Materials and Methods:RWPE-1 cells were stratified in vitro into three groups: (1) controls, (2) cells with LPS-induced inflammation, and (3) cells with LPS-induced inflammation and treated with CBD. Enzyme-linked immunosorbent assays and western blots were performed on cellular components and supernatants after administration of CBD. Five groups of six Sprague–Dawley male rats were assigned: (1) control, (2) CP/CPPS, (3) CP/CPPS and treated with 50 mg/kg CBD, (4) CP/CPPS and treated with 100 mg/kg CBD, and (5) CP/CPPS and treated with 150 mg/kg CBD. Prostatitis was induced through administration of 17β-estradiol and dihydrotestosterone. After four weeks of CBD treatment, a pain index was evaluated, and prostate tissue was collected for subsequent histologic examination and western blot analysis.
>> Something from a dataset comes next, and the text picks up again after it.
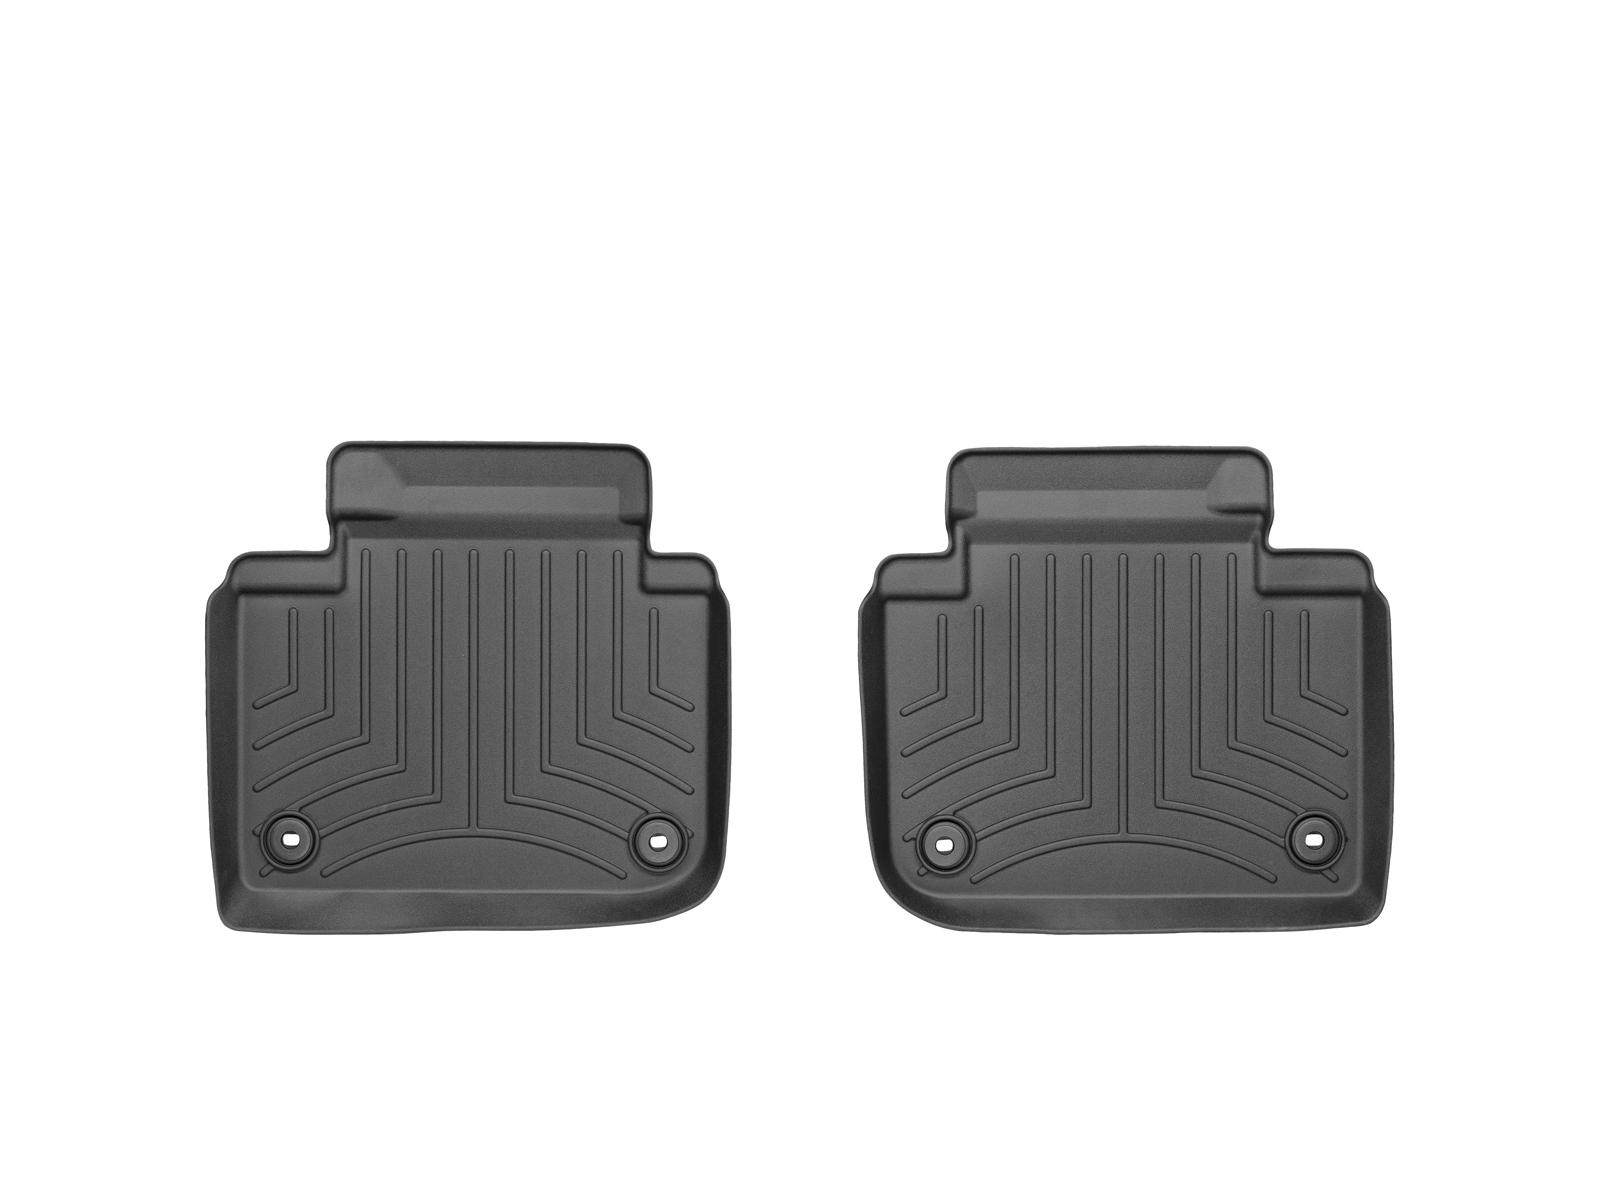 Tappeti gomma su misura bordo alto Lexus GS 12>12 Nero A2016*

Results:CBD demonstrated efficacy in vivo for CP/CPPS and in vitro for inflammation. It inhibited the toll-like receptor 4 (TLR4)uclear factor-kappa B (NF-κB) pathway by activating the CB2 receptor, reducing expression of interleukin-6, tumor necrosis factor-alpha, and cyclooxygenase-2 (COX2) (p<0.01). CBD exhibited analgesic effects by activating and desensitizing the TRPV1 receptor.
Conclusions:CBD inhibits the TLR4/NF-κB pathway by activating the CB2 receptor, desensitizes the TRPV1 receptor, and decreases the release of COX2. This results in relief of inflammation and pain in patients with CP/CPPS, indicating CBD as a potential treatment for CP/CPPS.